>>>

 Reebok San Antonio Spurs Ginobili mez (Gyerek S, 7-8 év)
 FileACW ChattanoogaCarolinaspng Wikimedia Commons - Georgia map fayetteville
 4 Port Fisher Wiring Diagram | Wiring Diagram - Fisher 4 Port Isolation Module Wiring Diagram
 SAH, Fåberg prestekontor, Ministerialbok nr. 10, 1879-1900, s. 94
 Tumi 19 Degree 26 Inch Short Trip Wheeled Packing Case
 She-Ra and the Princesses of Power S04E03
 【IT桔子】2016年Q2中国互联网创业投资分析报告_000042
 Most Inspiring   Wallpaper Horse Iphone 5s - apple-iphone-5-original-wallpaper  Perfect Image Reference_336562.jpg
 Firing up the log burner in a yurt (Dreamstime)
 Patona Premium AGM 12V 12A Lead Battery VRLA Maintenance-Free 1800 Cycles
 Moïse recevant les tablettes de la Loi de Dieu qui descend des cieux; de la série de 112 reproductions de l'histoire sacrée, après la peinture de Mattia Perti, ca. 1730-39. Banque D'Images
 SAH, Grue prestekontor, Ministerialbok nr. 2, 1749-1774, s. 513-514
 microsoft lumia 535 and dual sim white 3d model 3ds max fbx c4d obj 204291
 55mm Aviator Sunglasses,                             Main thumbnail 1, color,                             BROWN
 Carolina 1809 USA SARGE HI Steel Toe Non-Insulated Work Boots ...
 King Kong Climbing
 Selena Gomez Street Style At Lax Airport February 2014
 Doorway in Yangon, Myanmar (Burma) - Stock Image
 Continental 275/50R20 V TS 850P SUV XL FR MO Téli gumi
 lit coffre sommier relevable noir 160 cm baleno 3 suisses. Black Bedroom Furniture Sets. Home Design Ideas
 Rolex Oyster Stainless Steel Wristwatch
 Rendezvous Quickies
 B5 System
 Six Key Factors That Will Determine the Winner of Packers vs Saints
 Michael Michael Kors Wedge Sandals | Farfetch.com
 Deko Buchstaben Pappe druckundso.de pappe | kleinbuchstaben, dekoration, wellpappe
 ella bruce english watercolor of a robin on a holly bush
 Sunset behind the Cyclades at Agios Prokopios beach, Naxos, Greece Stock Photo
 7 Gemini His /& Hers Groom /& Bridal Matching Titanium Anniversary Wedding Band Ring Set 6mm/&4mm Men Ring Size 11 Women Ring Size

<<<

YOUR ASSIGNMENT>
Look through the entries. Copy out each line with "Ministerialbok" in it.

THE ANSWER>
 SAH, Fåberg prestekontor, Ministerialbok nr. 10, 1879-1900, s. 94
 SAH, Grue prestekontor, Ministerialbok nr. 2, 1749-1774, s. 513-514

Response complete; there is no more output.